What is the nature of the service provided by a Crisis Resolution Home Treatment Team?

The CRHT is a short term but intensive service. The team visits service users on a frequent basis, up to twice a day, providing the same service as you would receive in hospital. When someone is referred into the CRHT team, the team will arrange an assessment as soon as possible. The team will then develop a care and treatment plan with that person, with the aim of supporting and aiding recovery. 

How do you promote a person’s recovery?

Twice a week, the whole team meets in a confidential environment to discuss each person that the CRHT is caring for. This allows the team to do its very best for the people we care for, and to support recovery in a timely manner. People who have used our service have been positive about their experience with us.
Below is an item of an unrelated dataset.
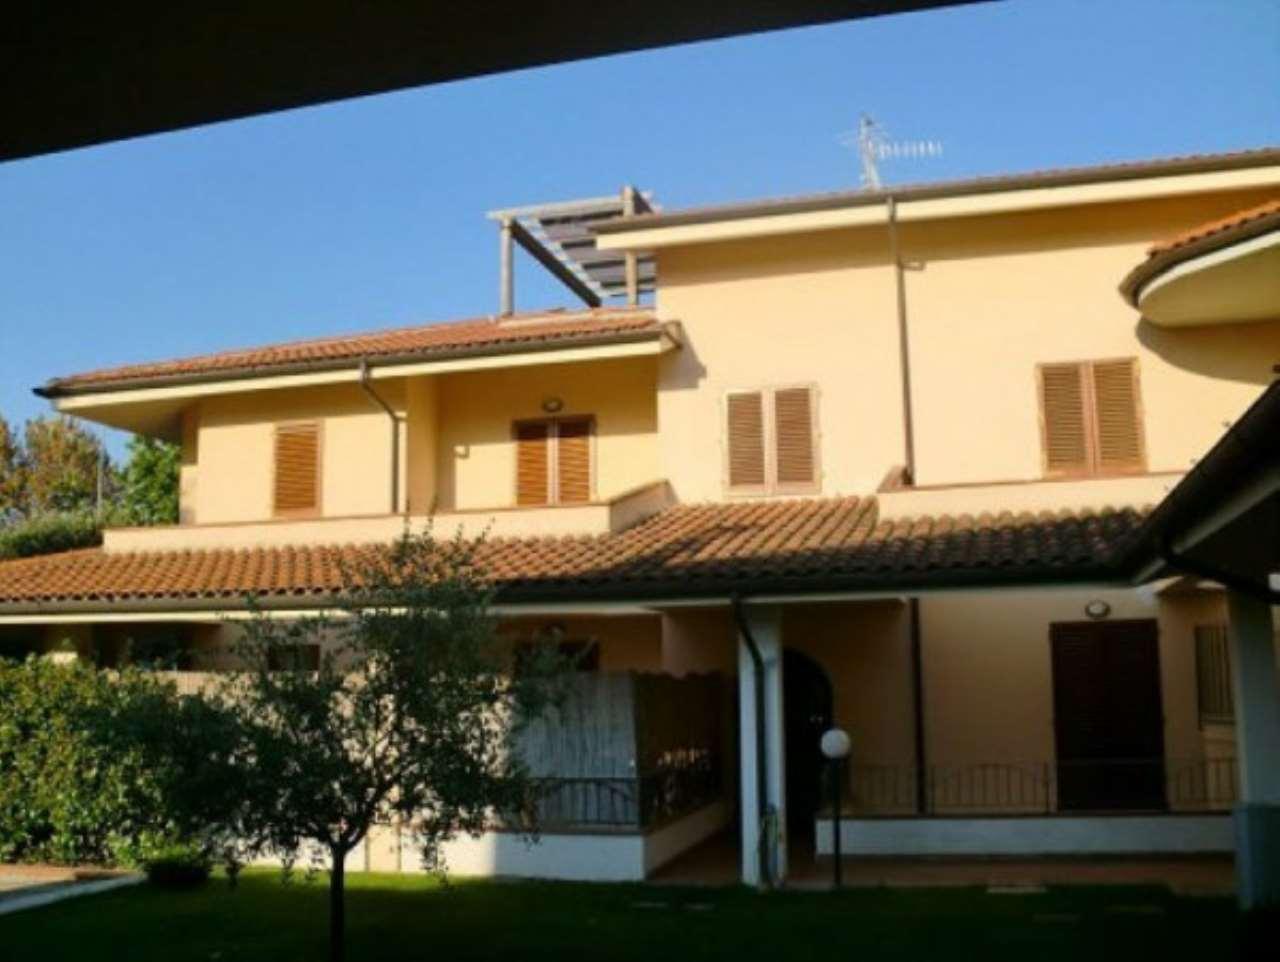 Appartamento in vendita a Serravalle Pistoiese, 5 locali, prezzo € 230.000 | CambioCasa.it

The team does share the entire CRHT caseload, and people who do use our service can see all members of the team.

As a relatively new service in North Powys, how has the CRHT impacted on provision of mental health services generally?

The CRHT has had huge benefits in supporting those who really don’t want to go into hospital, and would rather stay at home. The team does, however, understand that sometimes hospital is necessary, and the CRHT will try to facilitate an early discharge with our support at the earliest opportunity when it is safe to do so.

Are there any specific needs that can be well-addressed by the CRHT?

The CRHT can help with practical issues such as housing etc, and will do all they can to ensure carers are supported.

Do you refer people on to other services?

When someone has recovered in the CRHT, their care is either referred on to additional mental health services or another appropriate service, or their care is handed back to the GP. In all cases the CRHT writes to the GP to ensure that the GP is aware of our intervention and any changes we may have made to the person’s care or treatment.

What are the challenges for a CRHT in a large rural area like North Powys?

The distance of travel that is required within this area is a challenge for the team, but it does not cause us too many problems once you become familiar with the area.

What are the most rewarding aspects of the work you do?

For me it is rewarding to see people recover at home, within a familiar setting, as opposed to a hospital setting. I feel that you are able to work with people more creatively and independently at home, as hospital can sometimes be restrictive.

How would you like to see mental health services developing in North Powys in the next few years?

From the view of the CRHT we would like to help and support more people to recover at home. We understand that hospital admissions will always be needed at times, but if we can reduce the stress of going into hospital for the client and their family, this may limit the amount of time it takes to recover.

Many thanks to Graham for the update. If you have any queries relating to the Crisis Resolution Home Treatment Team in North Powys, you can comment below.

*This term is defined online on an NHS jargon-busting website: "A term for any mental illness in which there is no evidence of organic disturbance (as there is with dementia) even though physical performance is impaired".